A lire ce texte que je vous joins ici, en lien, on ne peut que comprendre et soutenir la CGT et FO tant ce texte est déséquilibré et fait pencher la balance du côté de la flexibilité. La sécurisation des parcours pour les travailleurs est très malmenée dans ce texte malgré quelques petites avancées.

Côté flexibilité, figurent notamment la possibilité de baisser les salaires et/ou le temps de travail en cas de difficulté. Y figurent aussi des mesures pour faciliter et "déjudiciariser" les licenciements et la possibilité de restructurer, sans plan social, via une mobilité obligatoire.

Face à ces accords qui détruisent notre Code du Travail et introduisent la flexibilité dans celui-ci, il y a en contrepartie, de nouveaux droits octroyés aux salariés et aux chômeurs: généralisation d'une complémentaire santé, limitation des temps partiels ou encore droits rechargeables à l'assurance-chômage.

C’est peu dire que l’échange est cynique, d’un côté la flexibilité, de l’autre des droits minimes pour ceux qui seront, du fait de la flexibilité, mis au chômage et poussés dans la précarité. En clair cela revient à pousser les salariés au chômage et leur laisser une bouée de sauvetage « trouée ».

Ce texte officialise le fait que chacun d’entre nous pourra être débarqué du bateau de l’emploi en contrepartie d’une « bouée temporaire dans l’océan de la précarité. »

Concrètement voici les principaux points, qui pour s'appliquer, devront être confirmés dans la loi et qui si ils le sont, seront un marqueur de plus des reniements du gouvernement Ayrault qui s’éloignera alors, encore un peu plus, du changement tant attendu au moment de l’élection de François Hollande.

Sécurisation des salariés et chômeurs

Surcotisation chômage (patronale) sur les CDD de "surcroît d'activité" et sur les très nombreux CDD dits d'usage. En échange, exonération de 3 à 4 mois (selon la taille de l'entreprise) pour l'embauche d'une personne de moins de 26 ans en CDI, et CDI pour les intérimaires à définir par la branche.

Accès généralisé à une complémentaire santé collective (financée pour moitié par l'employeur) avec un panier "minimum": 100% de la base Sécu pour une consultation, 125% pour les prothèses dentaires et forfait optique de 100 euros par an.

"droits rechargeables à l'assurance-chômage" pour que les chômeurs conservent une partie de leurs reliquats. Cela doit passer par une renégociation en 2013 de la convention UNEDIC.
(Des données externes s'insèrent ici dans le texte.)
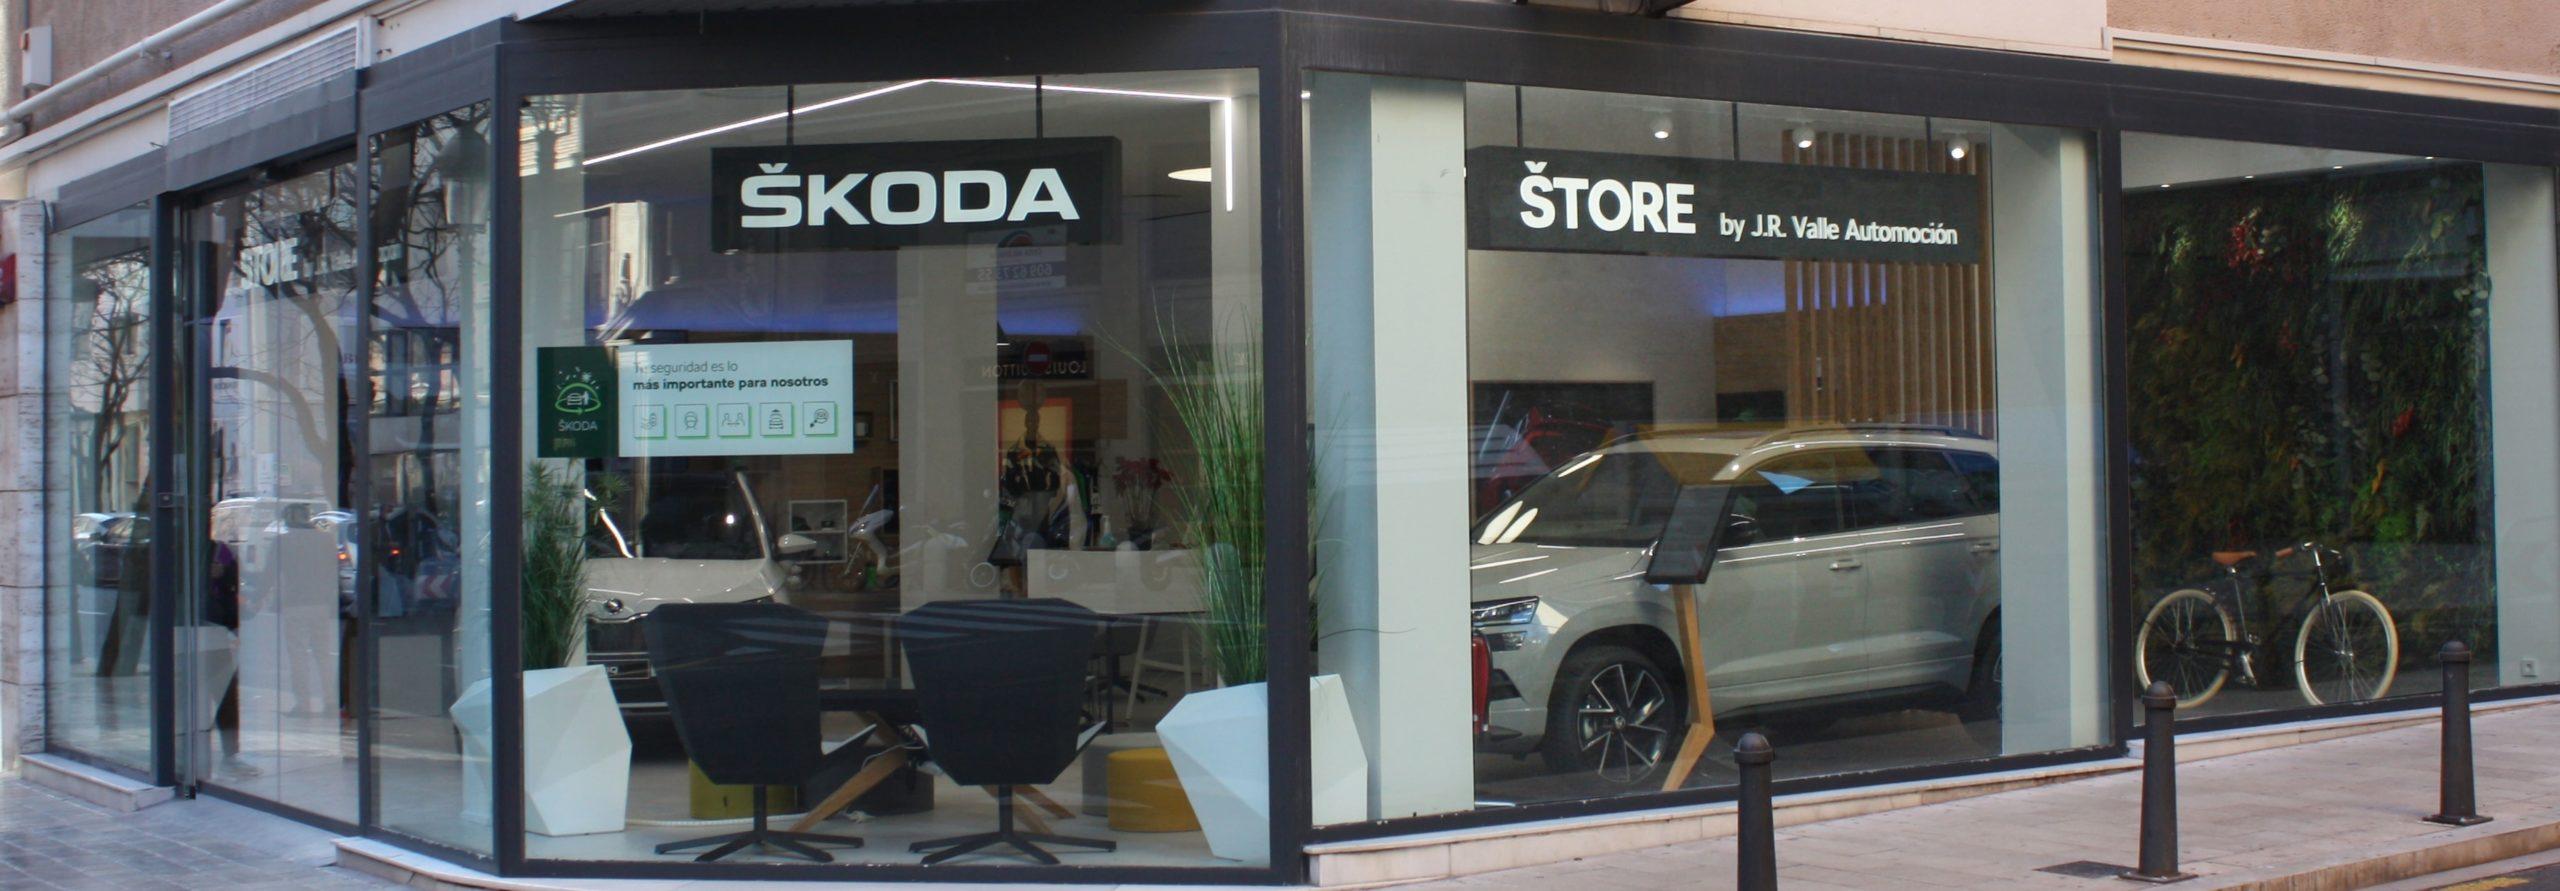 fecha-skoda-city-store-valencia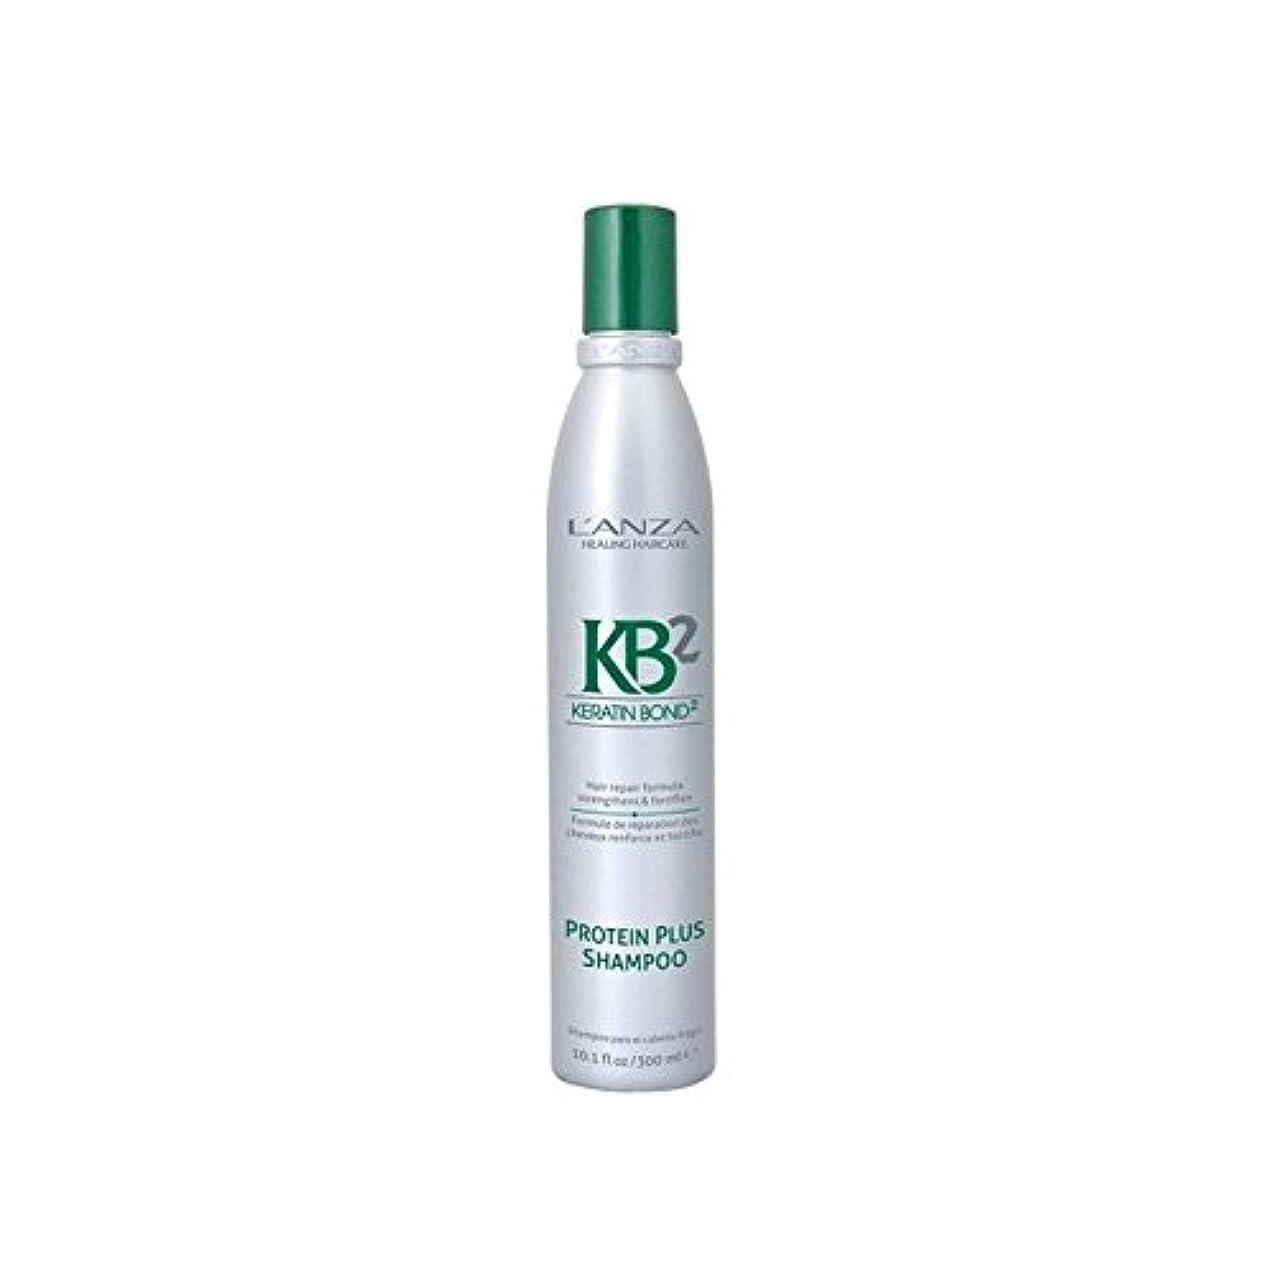 解釈的ギター季節L'Anza Kb2 Protein Plus Shampoo (300ml) (Pack of 6) - アンザ2タンパク質プラスシャンプー(300ミリリットル) x6 [並行輸入品]

Maintien des droits santé et prévoyance pendant 12 mois pour les chômeurs

Voix délibérative pour 1 à 2 salariés dans les organes de décision des grands groupes (5.000 salariés en France ou 10.000 dans le monde).

accès des représentants de salariés à une "base de données unique" (investissements, rémunérations, flux financiers, sous-traitance, etc.) pour "anticiper", grâce à un "dialogue renforcé", les évolutions. Flexibilité pour les entreprises

accords "de maintien dans l'emploi": en contrepartie de l'engagement de ne pas licencier, une entreprise en difficulté peut conclure un accord majoritaire pour "ajuster" temps de travail et rémunérations, sans passer par un plan social si elle licencie au moins 10 salariés refusant ces changements. Durée: 2 ans maximum. Quand l'entreprise va mieux, elle doit "partager le bénéfice économique" de l'accord avec les salariés.

Des plans sociaux facilités, "fixés" (procédure et contenu) soit par accord majoritaire avec les syndicats, soit par une homologation administrative dans les 21 jours, avec des délais de contestation maximum préétablis.

temps partiels: minimum de 24h par semaine, sauf cas particuliers, lissage possible sur l'année. Majoration au-delà de la 1ère heure (10% ou 25% selon cas). Encore plus de facilités pour l'employeur de "moduler le temps de travail". restructurations facilitées: mobilité interne obligée (à salaire ou classification maintenus) si un accord d'entreprise l'organise (conditions d'éloignement, etc.). Licenciement pour "motif personnel" en cas de refus.

Pour les licenciements individuels: en cas d'accord en conciliation aux Prud'hommes, "indemnité forfaitaire" à l'ancienneté (plafonnée à 14 mois de salaire pour 25 ans). Si pas de conciliation, le juge reste souverain. prescription des contestations de licenciement après 2 ans (3 ans pour les litiges sur les salaires).